Anyway, to make a long story shorter, I managed to resist the pull of the Lord for another ten years, and instead pursued fun, relationships (including two marriages that dissolved), and other self-serving endeavors, until I finally messed my life up on a grand scale. I was going through my second divorce and was at the point of losing my two children from that marriage in a custody battle when it finally dawned on me that I had no other choice but to seek God’s help.
He had allowed me to get to the end of myself.
I knew I didn’t stand a chance of winning the custody battle without His help. My children were only three and one. I loved them and couldn’t imagine losing them. They were important enough to me that, if I lost custody of them, I wasn’t sure how I’d survive. In fact, I wasn’t even sure if I wanted to survive.
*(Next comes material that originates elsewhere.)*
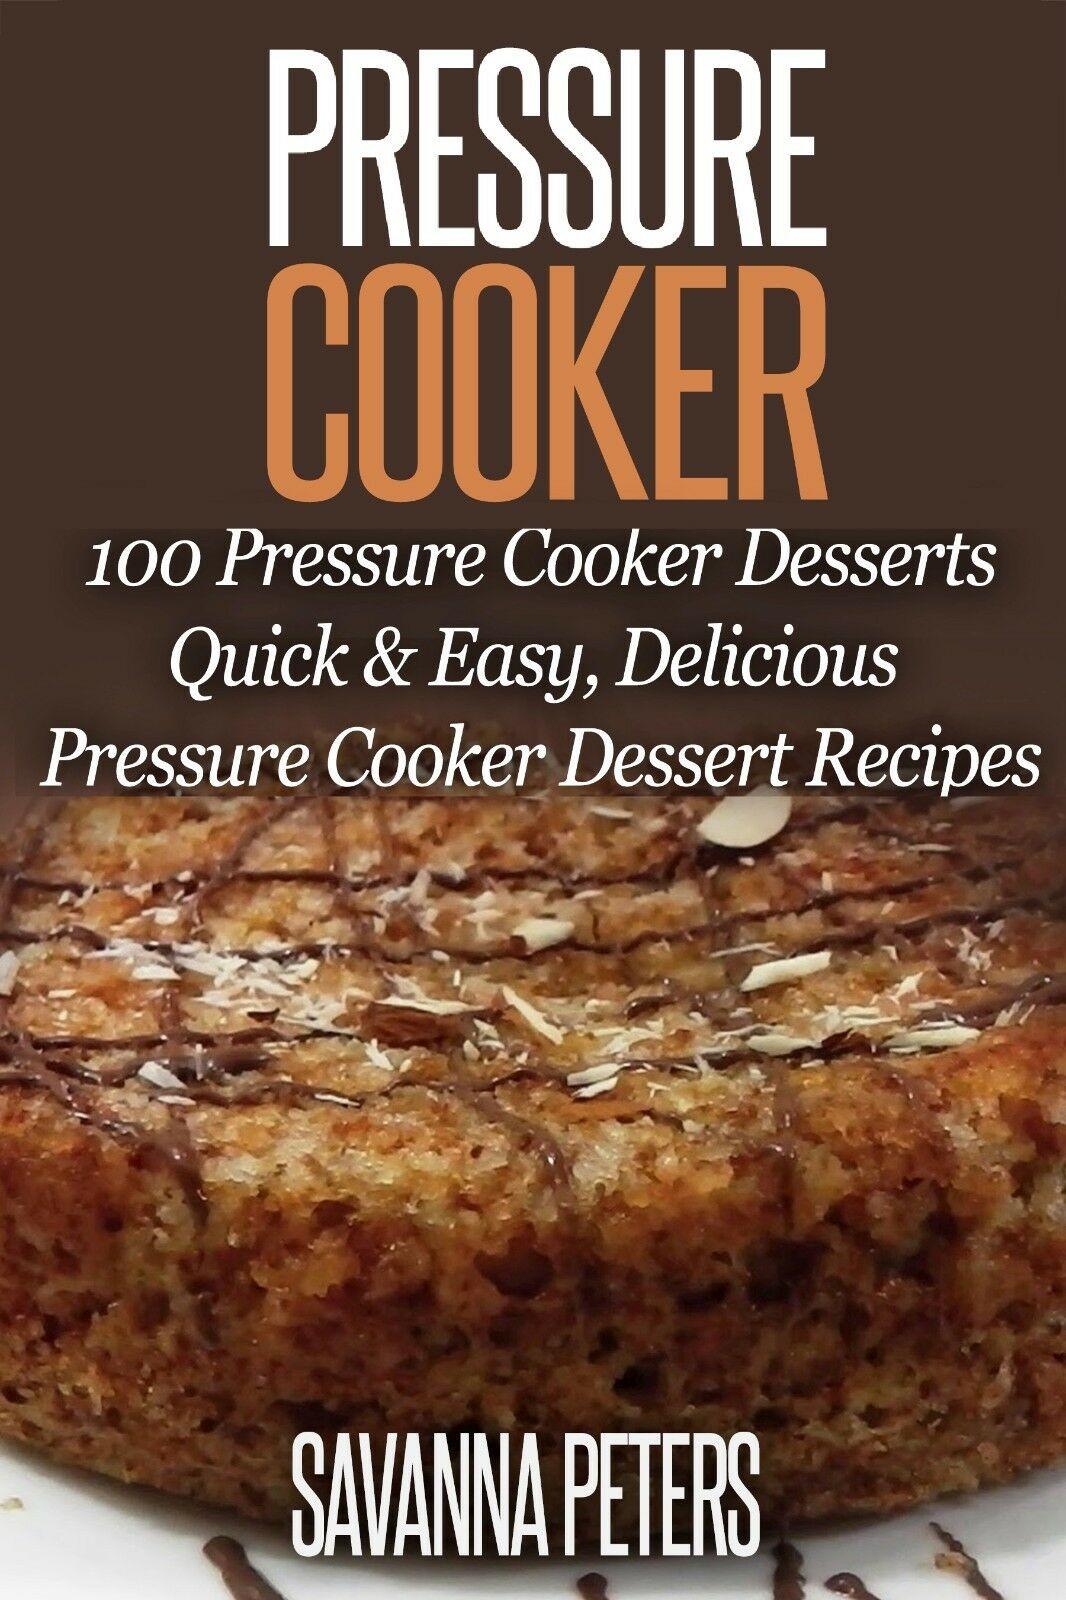 Pressure Cooker Dessert Recipes  Pressure Cooker 100 Pressure Cooker Desserts Quick

I hated myself, who I’d become, and all that I’d done. I was still suffering from depression and had already tried to commit suicide once, before my children were born. The thought of leaving them motherless was the only thing that stopped me from trying again.
I was more than 6,000 miles from any family support and had alienated a lot of my friends and co-workers through my own selfish actions. Not only that but I also had a tendency to keep people at a distance as a way of hiding my own shame and the embarrassment resulting from those actions. Being a survivor of childhood sexual abuse, I was not a stranger to shame. Keeping people at a distance was my way of preventing them from finding out about the real me and giving them a reason to not like me. (I’d like to say I no longer do that, but I still do. Shame runs deep and, like depression, keeping it at bay takes consistent prayer and effort.)
When I finally got to the point of realizing I needed Him because I had come to the end of myself, He knew I had to be in an environment where I had the opportunity to find Him.
It was during my custody battle that my lawyer, a Christian, suggested I go to church because it would be “good for my case”. I obeyed, knowing I needed to do anything within my power to add points to my side. I slipped in the back row Sunday after Sunday, feeling like a hypocrite and fearing someone would find out who I was and shoo me out the door. Gradually, the Lord opened the eyes and ears of my heart to the point where I could hear Him beckoning me and my own softened heart answering His call.
I asked the Lord Jesus to forgive me and to take over and fix the mess I’d made.
My love for Him grew as I spent time in His Word and in prayer, and I got a glimpse of how much He loved me (unconditionally). Our relationship caused a dramatic and instant change in me. I was totally different than before—truly a new creation in Him—and it was very apparent to those around me.
I reached the point where I trusted Him completely and He gave me His supernatural peace about all I was going through. I knew God was in control, He was going to do what was best for my children’s future, and that He would help me get through this ordeal, whatever the outcome.
I won the custody battle.
That was a little over twenty years ago and although it hasn’t always been easy, I’ve never regretted my decision to trust Him, even when my NZ family berate me for my “religious talk”.
So the Lord must wait for you to come to him so he can show you his love and compassion. For the Lord is a faithful God. Blessed are those who wait for his help. (Isaiah 30:18, NLT)
What are you waiting for? He’s waiting for you with open arms!